Extracting Post‑Disaster Health Impact Information from News Reports Using Named Entity Recognition
Main Article Content
Abstract
Natural disasters have a significant impact on public health, giving rise to various post-disaster illnesses. This study presents an automated information‑extraction framework based on Named Entity Recognition (NER), leveraging the IndoBERT model to identify disaster types, health impacts, and affected locations from online news reports. Data were gathered via web scraping from multiple reputable news portals and subsequently processed through tokenization, stop‑word removal, and lemmatization. Extracted entities were visualized via bar charts and word clouds to reveal disease patterns associated with each disaster type. Results indicate that floods have a significant public health impact, with skin diseases being the most prevalent, followed by diarrhea, fever, influenza, and Acute Respiratory Infections (ARIs). Volcanic eruptions are linked to health conditions such as ARI, hypertension, diarrhea, and influenza, whereas earthquakes show strong correlations with diarrhea, ARI, skin diseases, and fever. Droughts and landslides are closely associated with diarrheal outbreaks due to compromised sanitation resulting from limited access to clean water. Although less frequently reported, tsunamis also exhibit a notable association with cases of diarrhea. The proposed method achieves 90 % accuracy and an 88 % F1‑score. These findings confirm the effectiveness of our NER-based approach in detecting causal relationships between disasters and health outcomes, providing valuable insights for policymakers and healthcare professionals in designing targeted post-disaster mitigation and response strategies.
Article Details

This work is licensed under a Creative Commons Attribution-ShareAlike 4.0 International License.

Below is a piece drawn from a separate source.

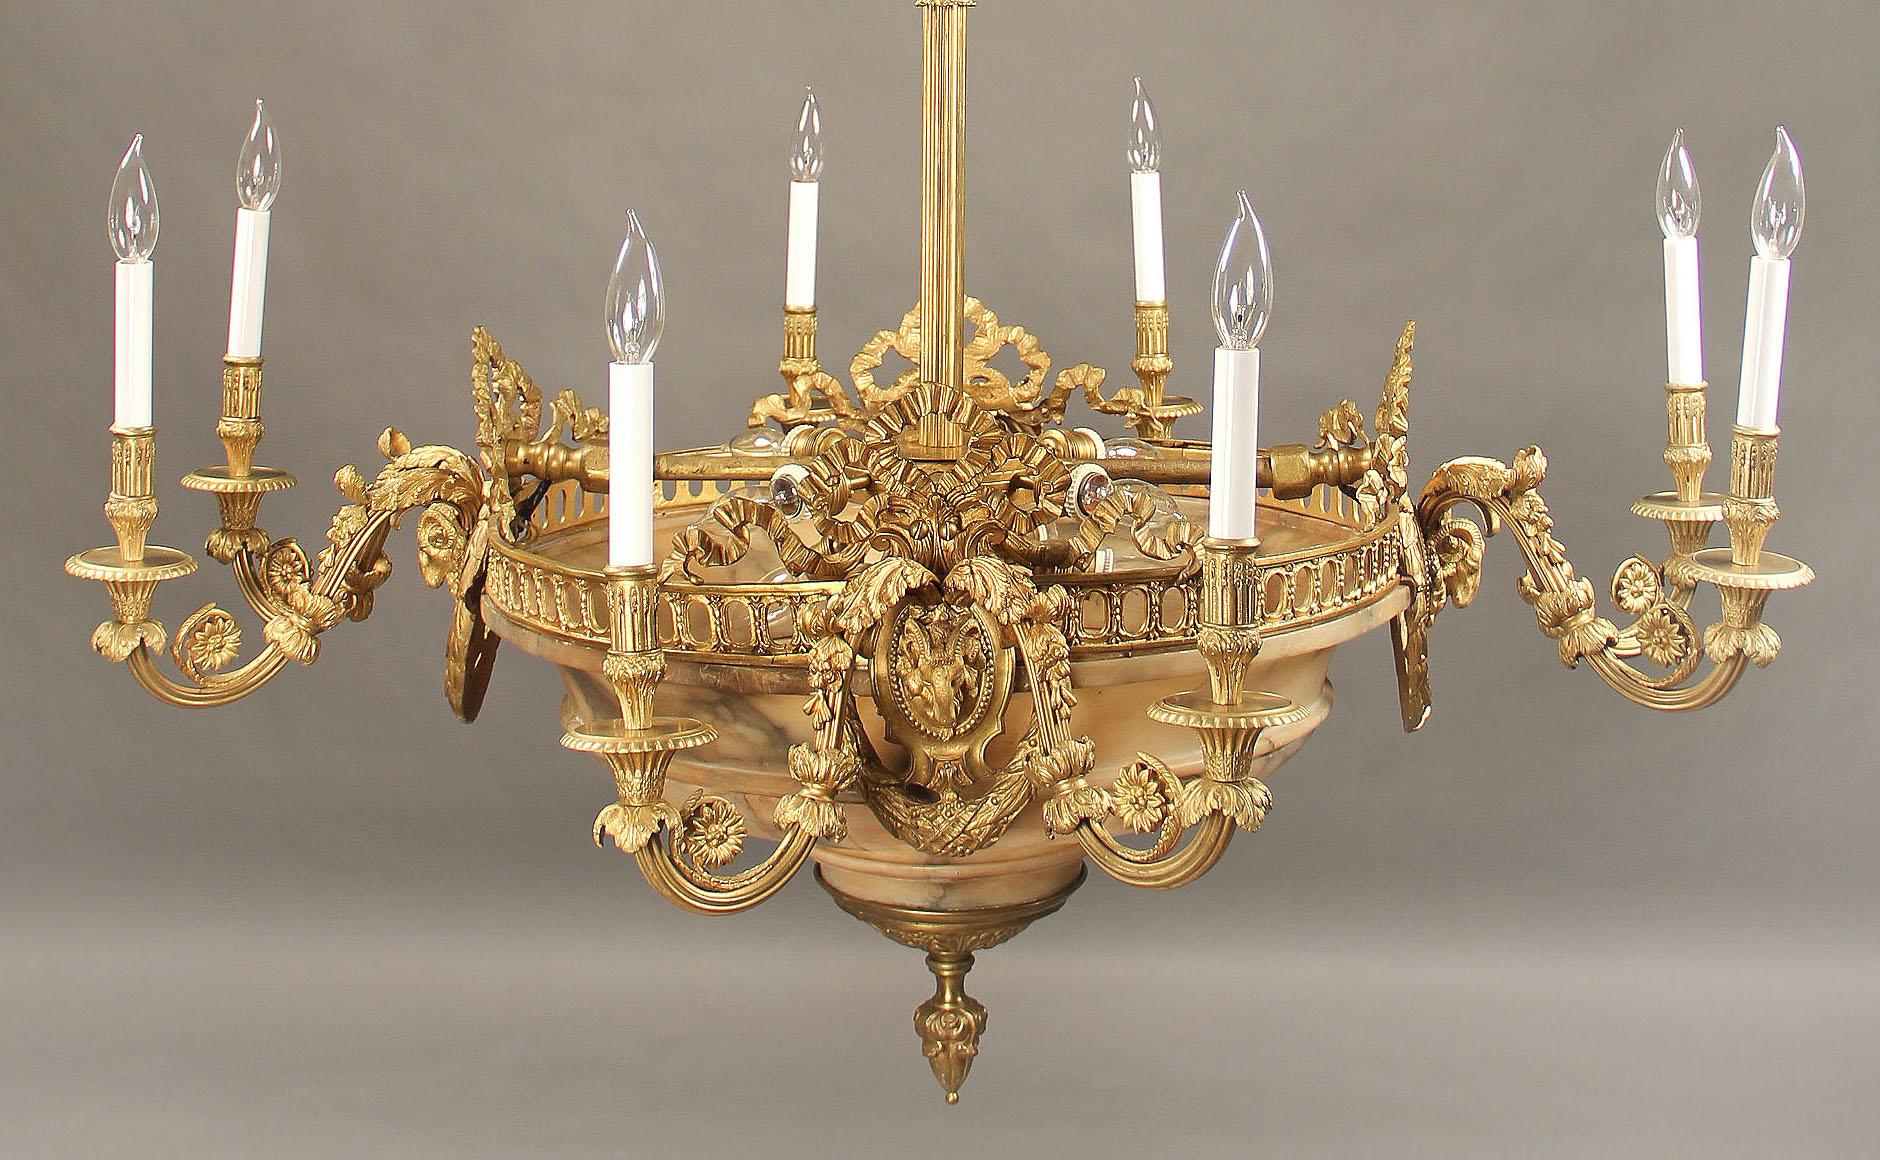 16th century chandelier

Authors who publish with this journal agree to the following terms:
- Authors retain copyright and grant the journal right of first publication with the work simultaneously licensed under a Creative Commons Attribution License (CC BY-SA 4.0) that allows others to share the work with an acknowledgement of the work's authorship and initial publication in this journal.
- Authors are able to enter into separate, additional contractual arrangements for the non-exclusive distribution of the journal's published version of the work (e.g., post it to an institutional repository or publish it in a book), with an acknowledgement of its initial publication in this journal.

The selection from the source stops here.